If you cloned or downloaded the repository locally, you can use the helper script:

```sh
./run-server.sh
```

The helper script loads the first GGUF shard next to it and uses the same default serving profile.

Default settings:

```sh
MIMO_CTX=100000
MIMO_FIT_CTX=100000
MIMO_FIT_TARGET=4096
MIMO_BATCH=512
MIMO_UBATCH=128
MIMO_REASONING=off
MIMO_CPU_MOE=0
```

For more memory headroom, use CPU-MoE mode:

```sh
MIMO_CPU_MOE=1 MIMO_FIT_TARGET=32768 MIMO_BATCH=128 MIMO_UBATCH=64 ./run-server.sh
```

That mode is slower, especially during long prompt prefill, but it leaves more Metal memory available.

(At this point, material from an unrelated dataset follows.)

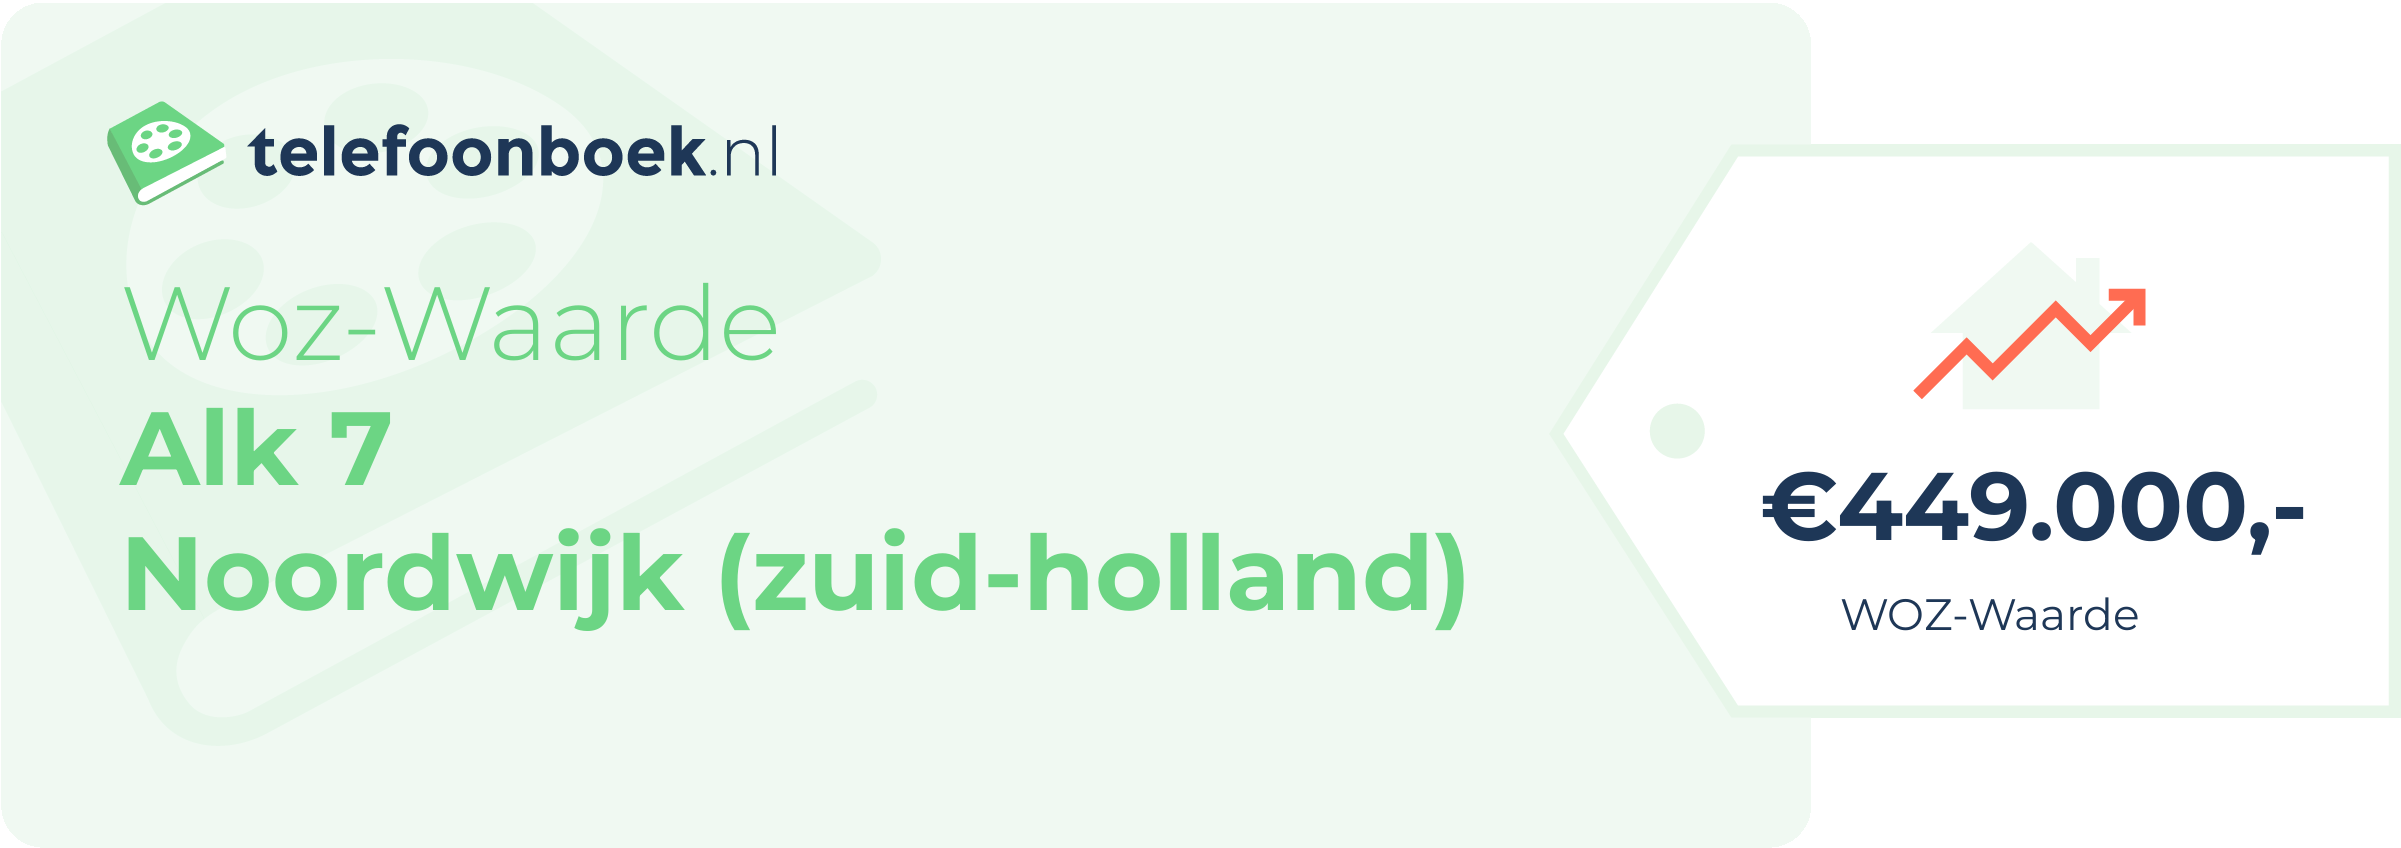 WOZ-waarde Alk 7 Noordwijk (Zuid-Holland)
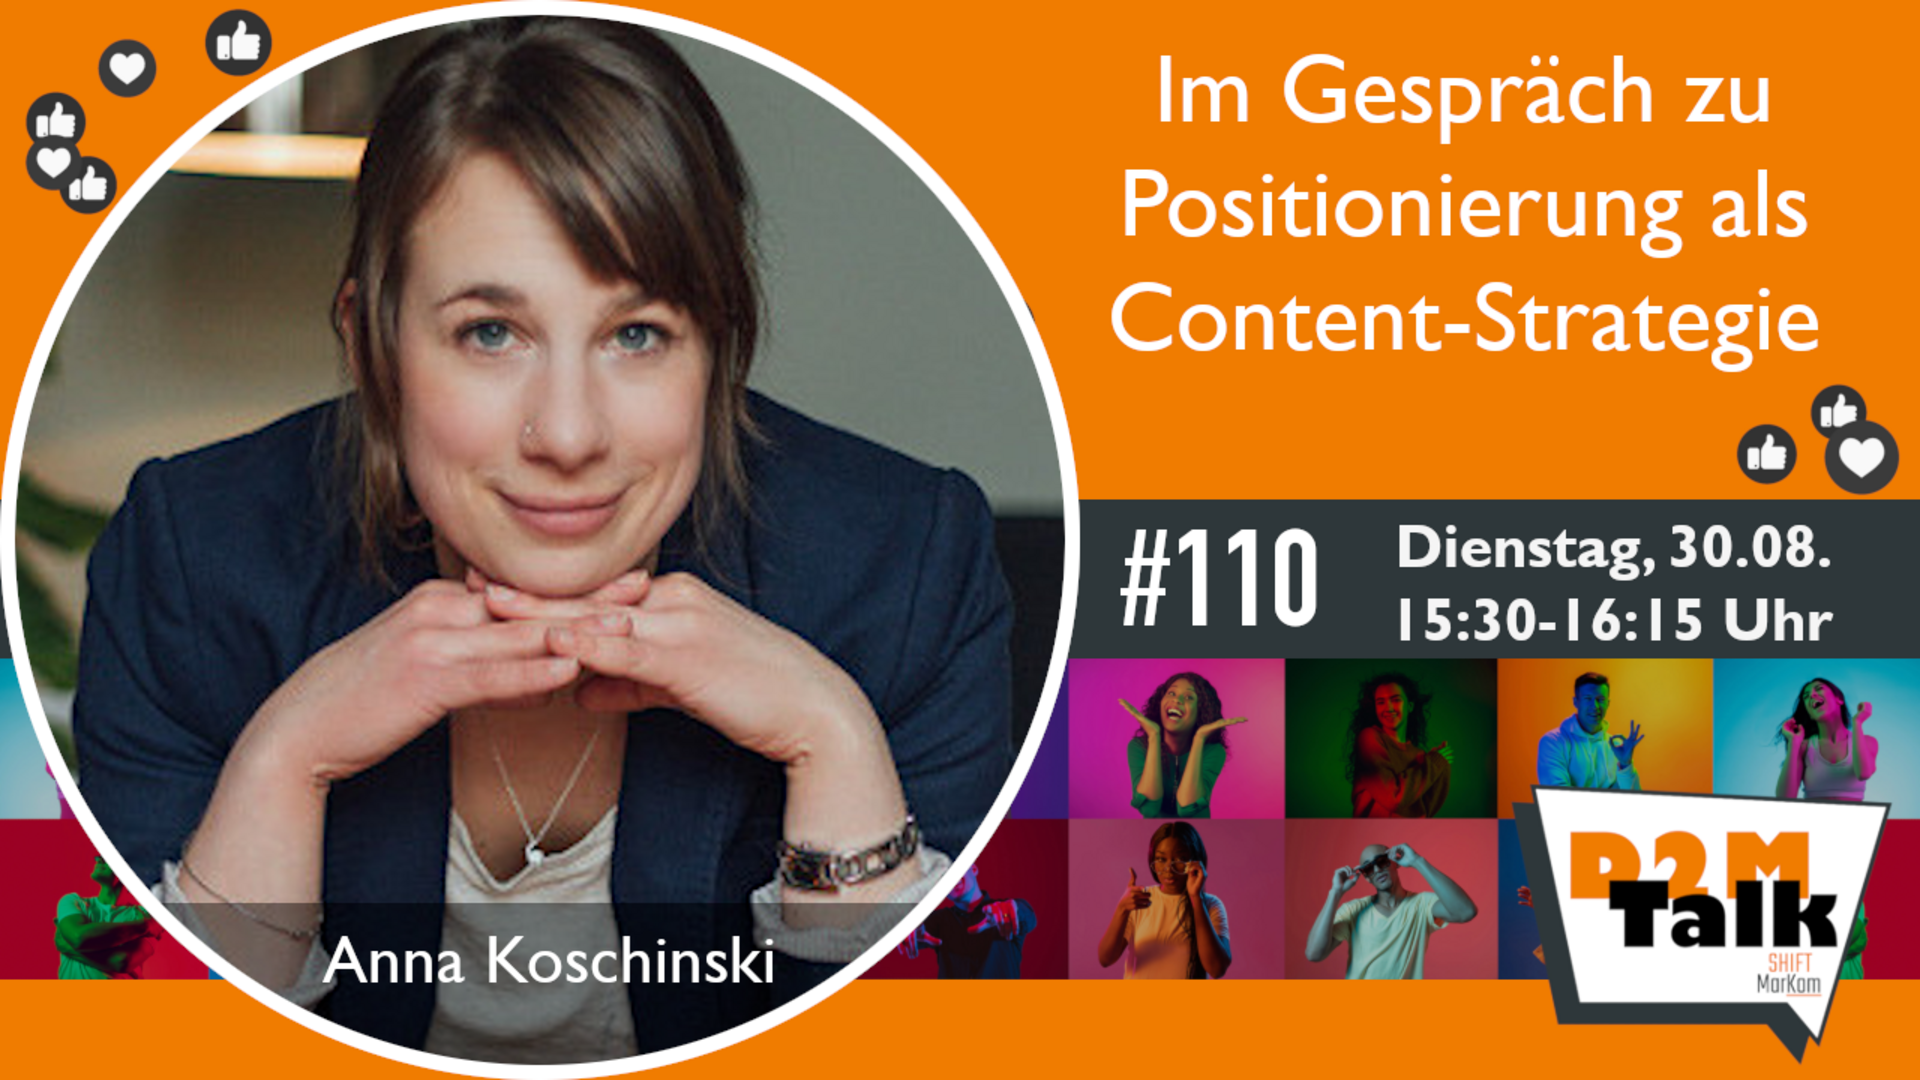 Im Gespräch mit Anna Koschinski zu Themen-Positionierung und Community-Building als Content-Strategie

You can point the script at a specific server binary:

```sh
LLAMA_SERVER=/path/to/llama-server ./run-server.sh
```

## Tool-calling tips

- Disable reasoning output with `--reasoning off` or `MIMO_REASONING=off`.
- Send tool schemas from the client rather than enabling llama.cpp built-in tools.
- Set `parallel_tool_calls` to `false` if your client supports it.
- Avoid forcing `tool_choice: required`; in testing, that made malformed calls more likely.
- Use a client that supports OpenAI-compatible tool calls cleanly.

## License

The upstream `XiaomiMiMo/MiMo-V2.5` model card declares the MIT license. This derived GGUF is provided with the same license metadata.